Phase is a continuous relationship — how far one signal is shifted in time relative to another. Moving a microphone one inch changes the phase relationship differently at every frequency. Low frequencies (long wavelengths) are barely affected; high frequencies (short wavelengths) shift dramatically.

Polarity problems are easy to fix — press a button. Phase problems require either repositioning microphones or using time-alignment tools in the DAW.

Comb Filtering

When two signals of the same source arrive with a small time offset, they create alternating bands of cancellation and reinforcement across the frequency spectrum. Plot the resulting frequency response and it looks like the teeth of a comb — hence the name. Comb filtering is the most common phase artifact in multi-mic recordings.

The 3:1 Rule

Every textbook calls it a rule. It’s more like a napkin sketch — a starting point that keeps you out of trouble when you’re setting up multiple mics.

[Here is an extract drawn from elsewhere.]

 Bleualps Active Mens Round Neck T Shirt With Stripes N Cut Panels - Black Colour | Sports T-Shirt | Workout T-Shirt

The idea: when two microphones are recording two separate sources, place the mics at least three times farther from each other than each mic is from its own source. If a vocal mic is 6 inches from the singer and a guitar mic is 6 inches from the amp, the two mics should be at least 18 inches apart. The goal is to reduce bleed — when one source leaks into the other’s microphone at a level and delay that causes comb filtering.

Why does distance help? Because sound loses energy as it travels. If the bleed arriving at a mic is significantly quieter than the direct source, any phase cancellation it causes will be too faint to matter. The 3:1 ratio creates roughly a 10 dB level difference between direct sound and bleed — enough that the interference becomes negligible in most situations.

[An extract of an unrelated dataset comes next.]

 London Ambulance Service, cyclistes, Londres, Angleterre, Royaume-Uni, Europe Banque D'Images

Talk to enough engineers and you’ll hear three or four versions of this guideline. Sometimes it’s applied to two mics on one source (like a snare top and bottom). Sometimes the ratio changes to 4:1 or 5:1 for picky situations. The math is less important than the principle: more distance between mics means less destructive interference. And no ratio replaces checking with your ears — flip polarity on one channel, listen for the fuller sound, and adjust mic positions until the phase relationship works. That polarity check from Chapter 10 should be automatic on every multi-mic session.

What to Practice

1. Watch your meters while recording. Pay attention to peak levels as you track. Get comfortable with signals peaking around -12 to -6 dBFS. Resist the urge to push them higher — headroom is free in 24-bit.
2. Compare peak and RMS. Pull up a peak meter and an RMS meter on the same track. Play a snare-heavy drum loop — notice the peak meter jumps much higher than the RMS. Now play a sustained pad — the two meters read closer together. That gap between peak and RMS is the difference between transient level and perceived loudness.
3. Hear comb filtering. Set up two mics on the same source (two mics on a guitar amp, or two mics on a voice). Record both simultaneously. In the DAW, nudge one track forward or backward in time by small increments — 1 ms, 2 ms, 5 ms. Listen to how the tone changes. That hollow, phased sound is comb filtering.
4. Use the polarity button. With two mics on the same source summed to one output, flip the polarity on one channel. If it sounds fuller, leave it flipped — the mics were partially out of phase. If it sounds thinner, flip it back. This should be automatic on every multi-mic session.